Photo: The Philadelphia Inquirer

Then it happened like a brutal beating, like a 12-round prize fight where one fighter begins to impose his will on the other by the midway point. By the end of the game, the Eagles had delivered a dominant 28–14 victory that included a Keith Byars touchdown pass to running back Heath Sherman.

Buddy Ryan had molded a defense after the model that he developed in Chicago for the 4–6 defense that won a championship in 1986. The Eagles defense was ferocious. They had a simple formula for dealing with the finesse of NFL offenses of the day.

Inflict pain.

Plenty of it.

Buddy Ryan’s Eagles defenses inflicted a merciless punishment on game day. The Eagles defensive line manufactured its own pressure without needing a blitz, much like the Eagles’ defense of 2023. Reggie White, Clyde Simmons, Jerome Brown, Mike Pitts, and Mike Golic ravaged opposing offensive lines. The Eagles linebackers Seth Joyner, Byron Evans, and Jessie Small were equally relentless in pursuing the ball and always looking to create a turnover. The secondary of Eric Allen, Ben Smith, Wes Hopkins, and heat-seeking missile Andre Waters pulverized opposing wide receivers.

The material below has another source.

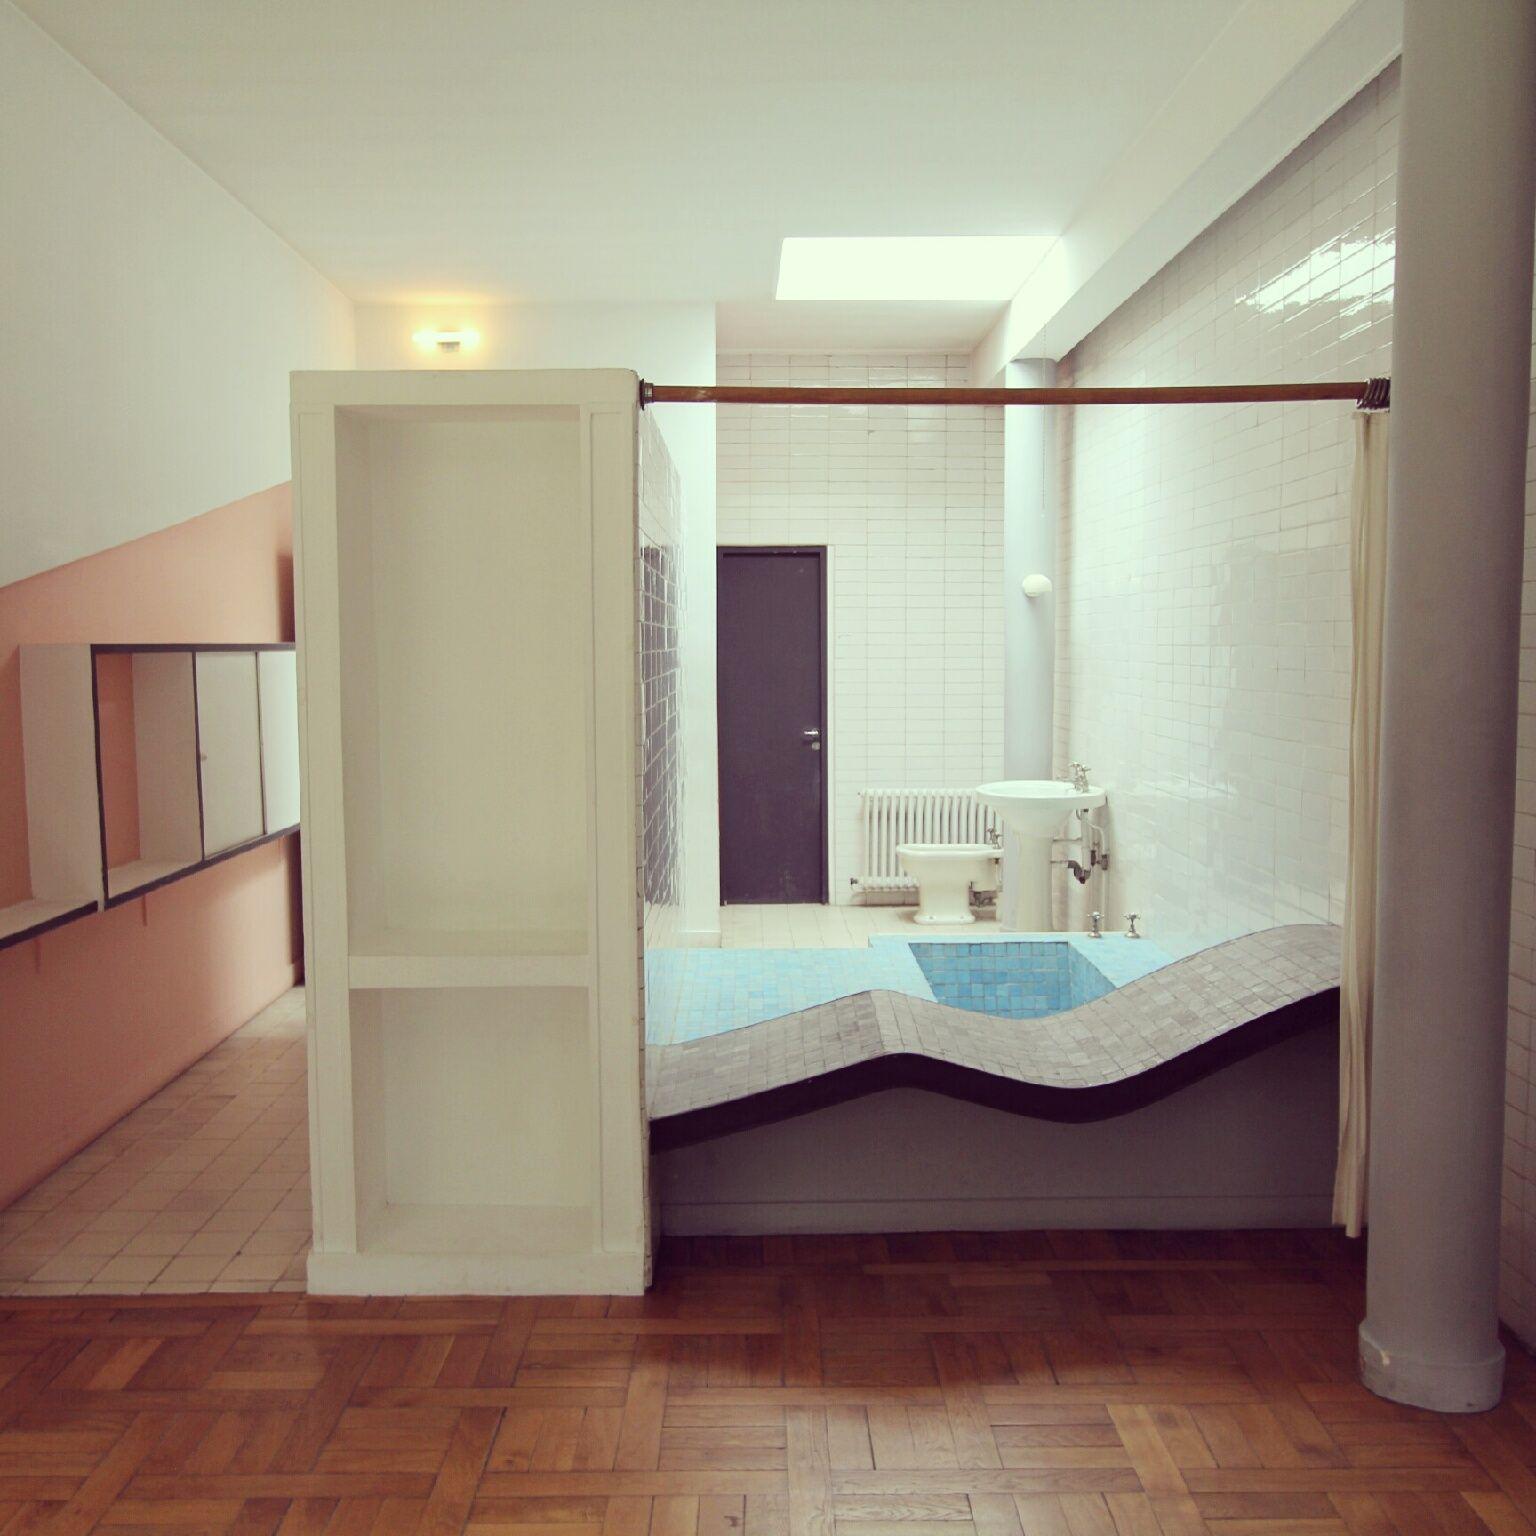 villa savoye bathroom google search future home pinterest salle de bains salle et cuisines. Black Bedroom Furniture Sets. Home Design Ideas

Try to run across the middle, and you are unlikely to run that route again.

Dan Dierdorf, Al Michaels, and Frank Gifford announced the parade of brutality as an injury report that read like a casualty list. Washington running back Gerald Riggs was knocked out with a toe injury. Then a crushing submarine-like blow sent Jeff Rutledge out with a broken thumb.

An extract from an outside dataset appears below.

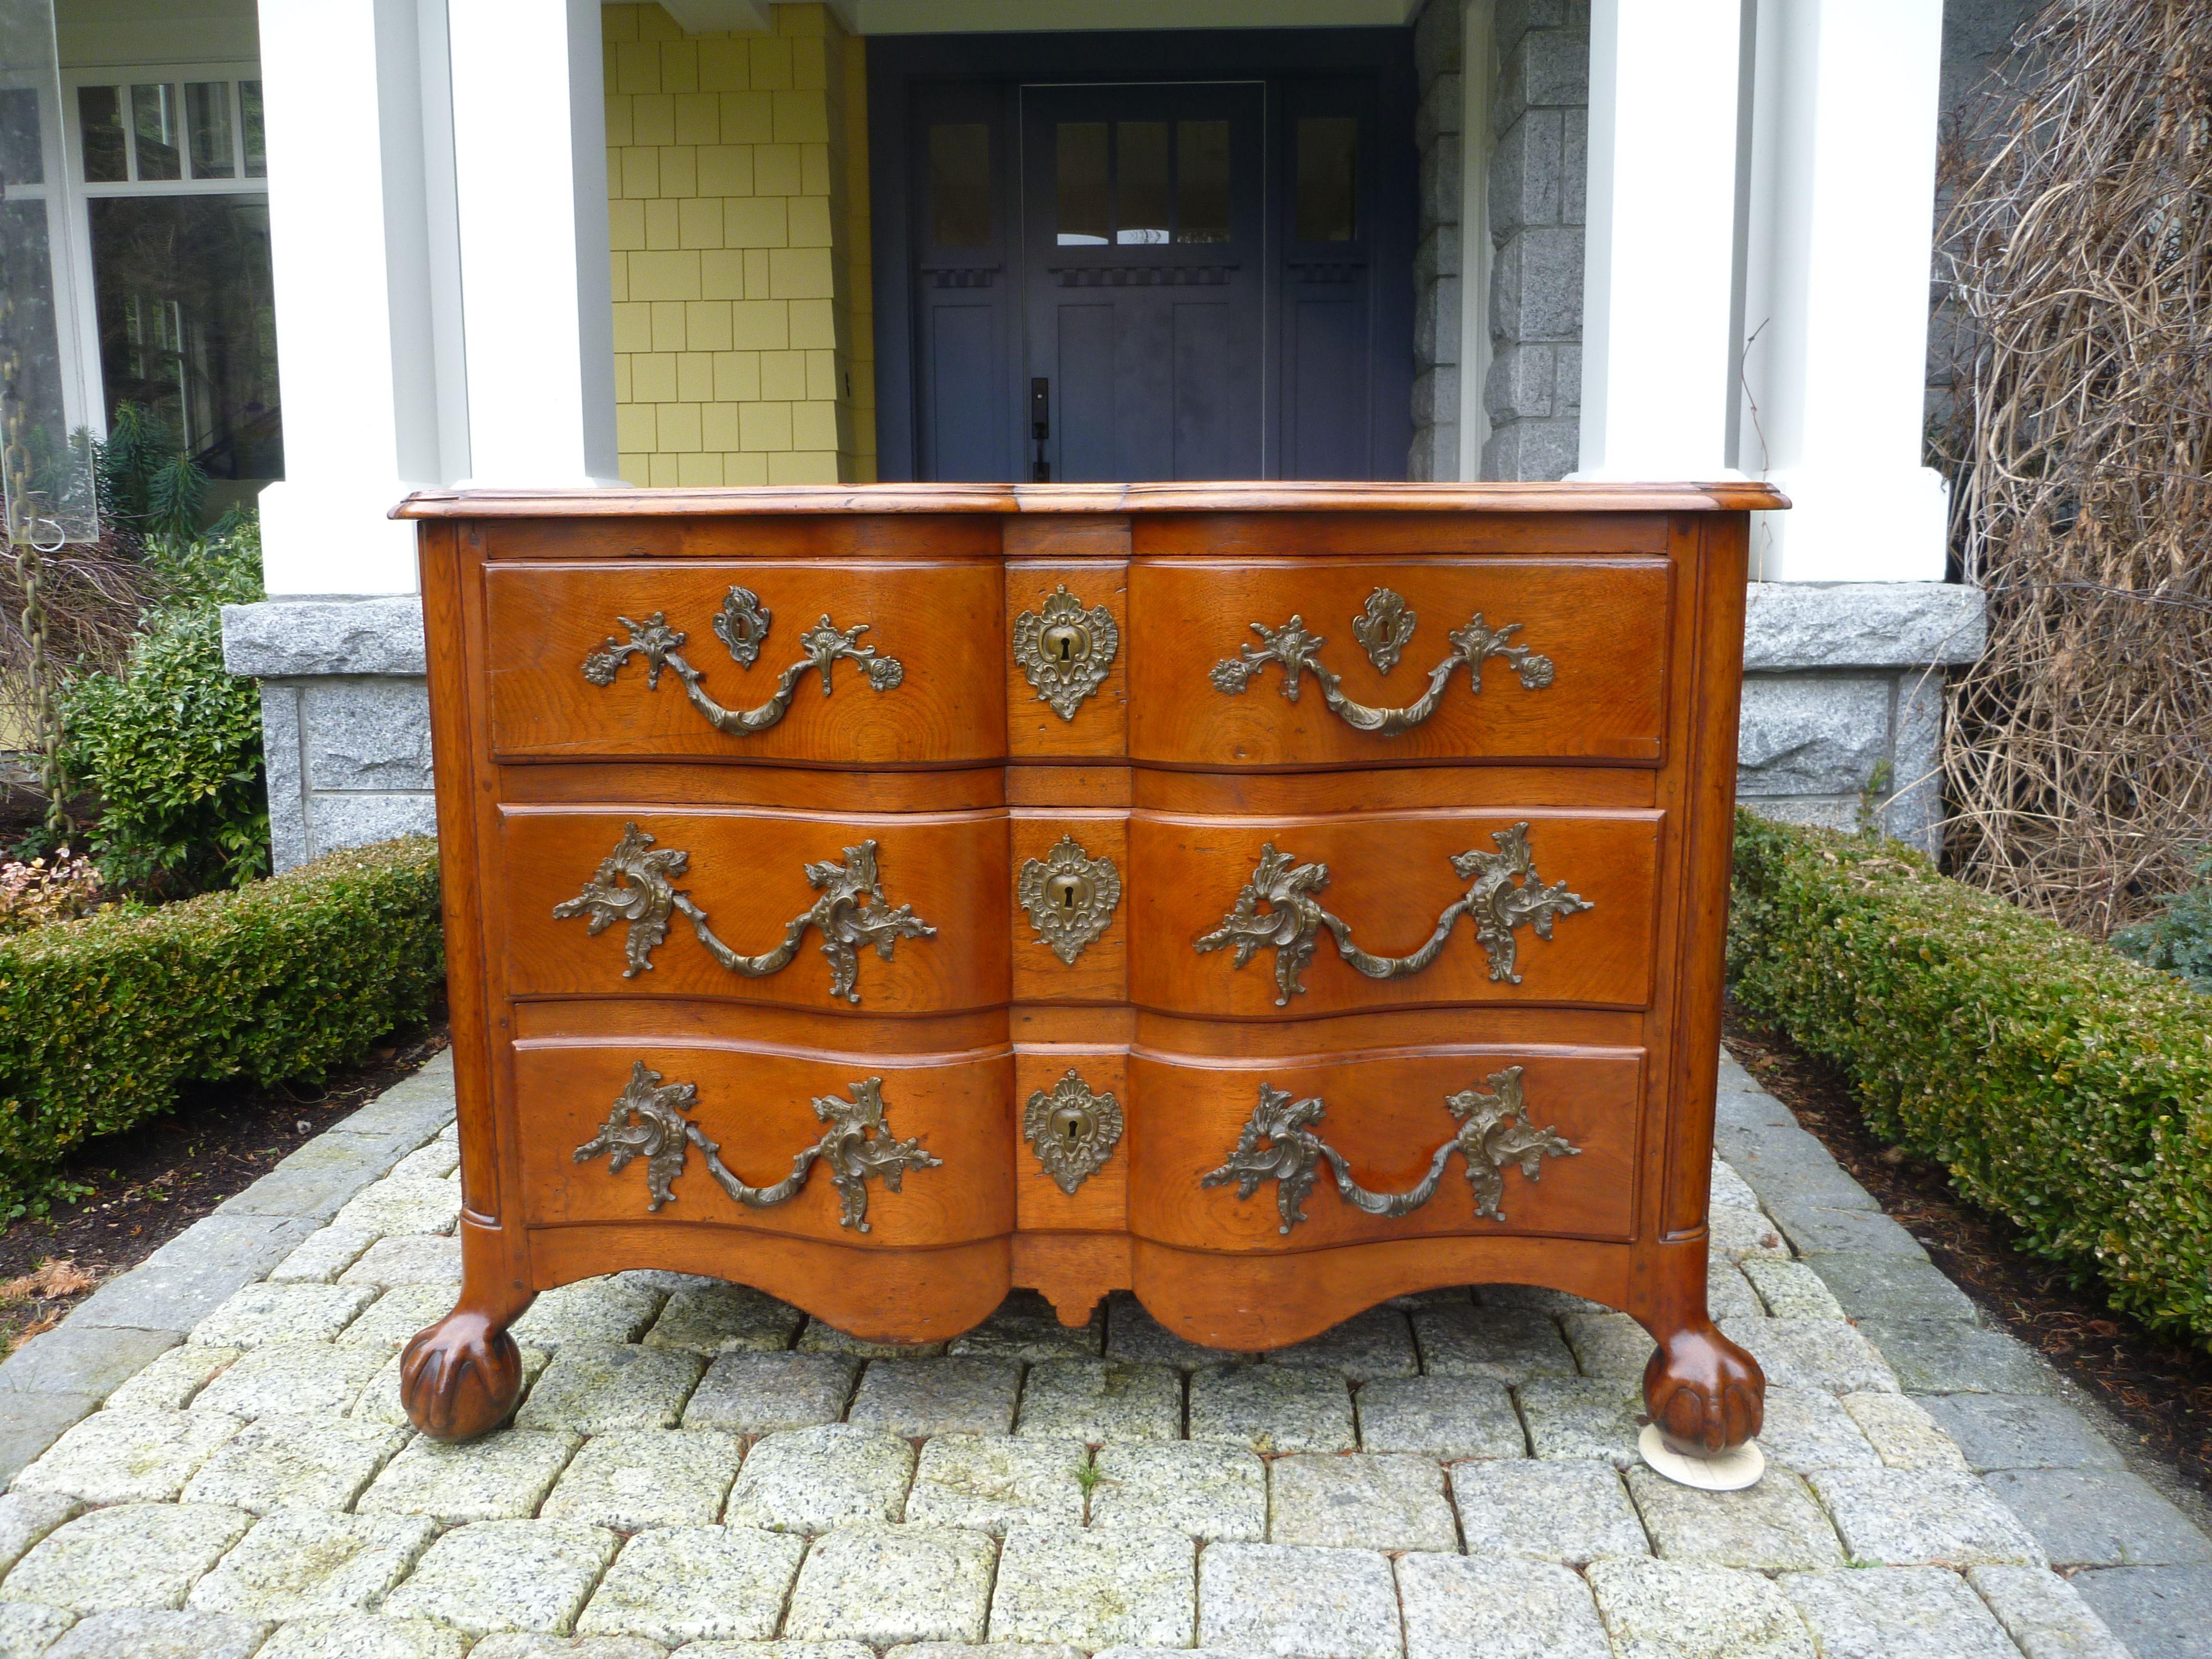 Montreal Butternut Arbalete Commode 18th Century Furniture Antique Furniture Art Decor

His backup, Stan Humphries, exited the war zone with a sprained knee. Kick returner Walter Stanley also had a sprained knee, and wide receiver Joe Howard had a concussion. Linebacker Greg Manusky also had a knee injury.

At one point, Eagles Safety William Frizzell walked over to the Washington sideline and yelled, “You need any more body bags?”

The Redskins punter even had to limp off the field.

By the end of the game, Redskins rookie running back Brian Mitchell had to play quarterback for Washington. Ironically, he would play for the Eagles for three seasons and is still the Eagles’ all-time leader in punt return yardage. In the 2003 NFC Championship Game, Mitchell took the opening kickoff back seventy yards to open the game against the Tampa Bay Buccaneers.

Unfortunately, the second piece of irony would not go in the Eagles’ favor. Eight weeks after the body-bag game, the Eagles and Redskins met again in the 1990 NFC Wildcard Playoffs, a game which Washington won 20–6. The victory was propelled by the Redskins Defense.

Buddy Ryan would never coach another game for the Eagles, fired by Eagles Owner Norman Braman, who Buddy referred to as “the guy in France.”

The Eagles’ defense of the late 1980s and early 1990s would be one of the best in NFL history.
The legend that grew from the best Eagles defense ever formed from devastating shut-down performances like the one at Veteran’s Stadium on November 12, 1990.